14. A method of sustainable wastewater and biosolids treatment using a bioreactor including a microbial fuel cell, said method comprising: enriching an anode of said microbial fuel cell in said bioreactor with iron (iii) chloride; growing said bacteria in the presence of said anode enriched iron (iii) chloride; oxidizing a substrate using said bacteria to produce free electrons; channeling said free electrons away from a terminal electron acceptor and to said enriched anode, said enriched anode serving as an electron acceptor; and carrying said free electrons from said enriched anode to a cathode of said microbial fuel cell to generate electricity.

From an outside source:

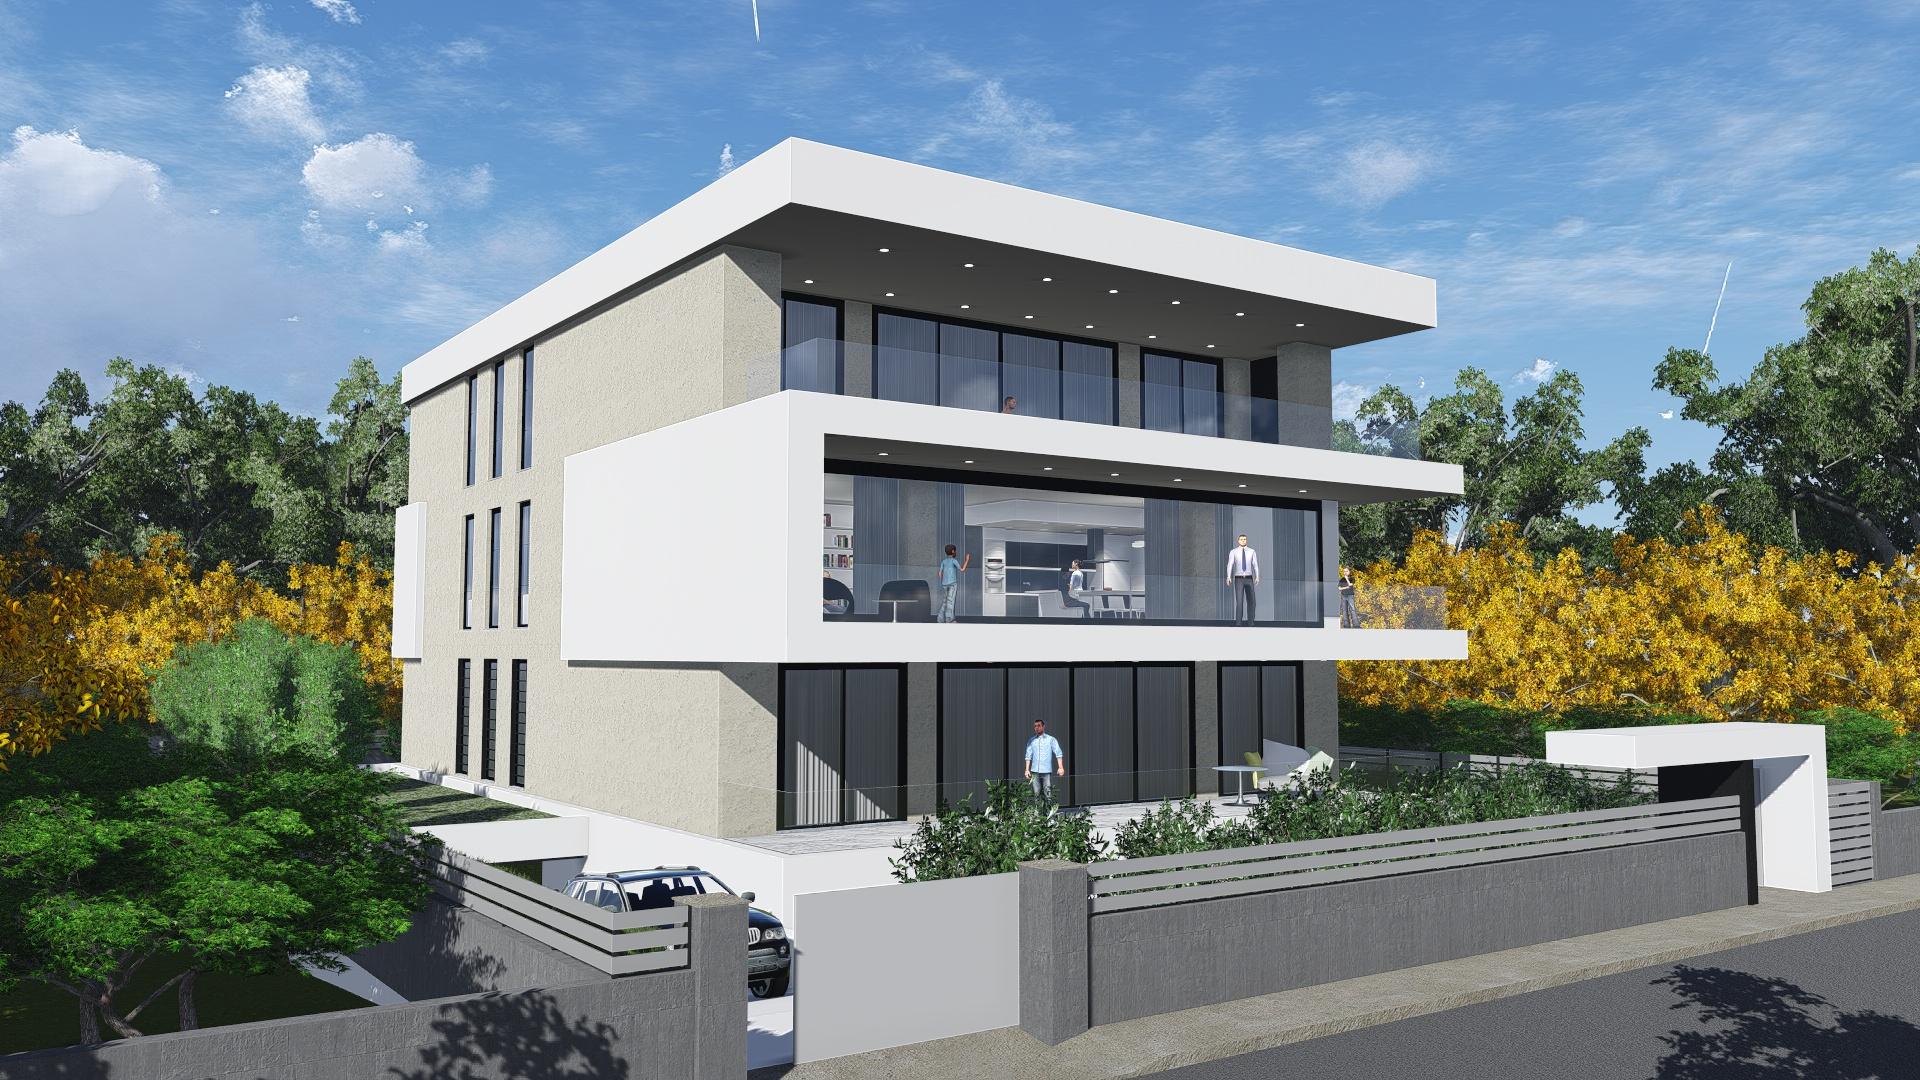 3 Apartments Building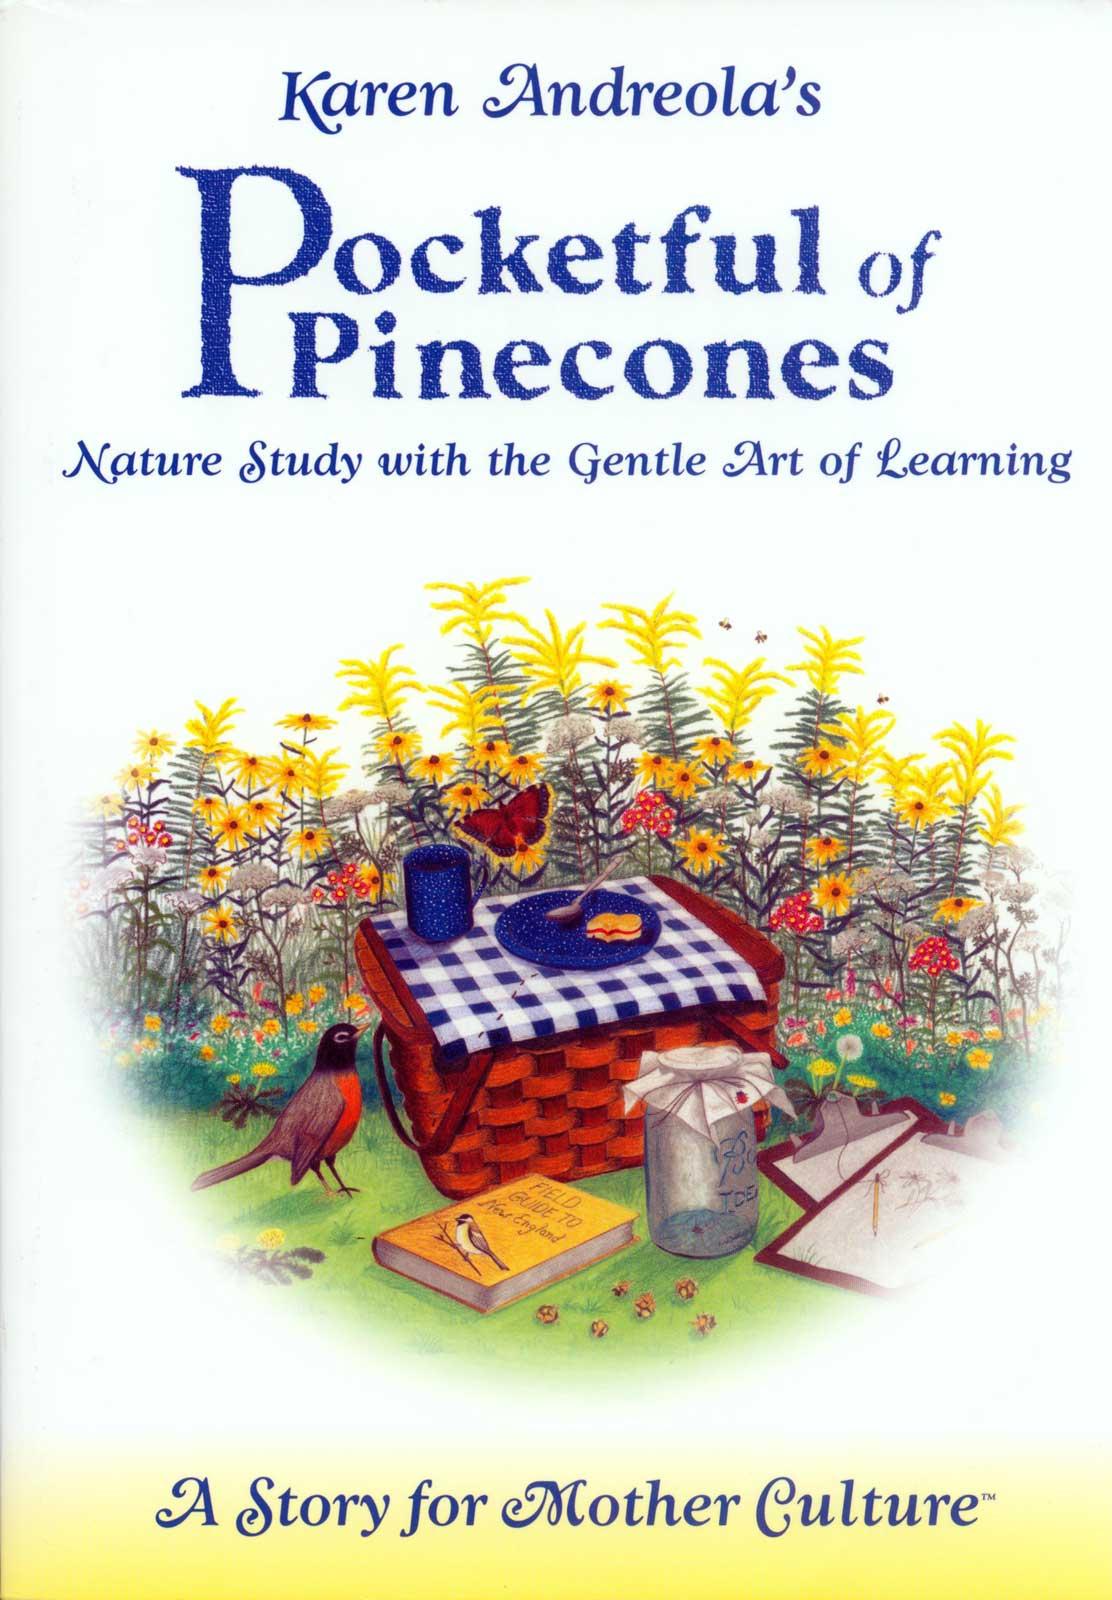 Pocketful of Pinecones

15. The method according to claim 14, further comprising: providing a substrate for oxidation in said bioreactor, wherein said substrate includes domestic wastewater, biosolids, and a combination thereof.

16. The method according to claim 14, further comprising: providing a feed material to said bioreactor to serve as a principal electron donor to encourage the growth of said bacteria in said bioreactor, wherein said feed material includes acetate.

17. The method according to claim 14, wherein growing said bacteria in the presence of said anode enriched with iron (iii) chloride facilitates propagation of a community of bacteria with iron-reducing capabilities.

18. The method according to claim 15, wherein providing a substrate for oxidation in said bioreactor includes providing a continuous flow or refillable batch of said substrate.

19. The method according to claim 14, further comprising: seeding said bioreactor with material containing bacteria for oxidizing said substrate, wherein seeding said bioreactor with material containing bacteria for oxidizing said substrate includes adding an amount of a nitrifying biomass to said bioreactor.

20. The method according to claim 14, further comprising: serially transferring bacteria grown in the presence of said anode enriched with a substantially soluble electron acceptor from said bioreactor to a second bioreactor thereby seeding said second bioreactor.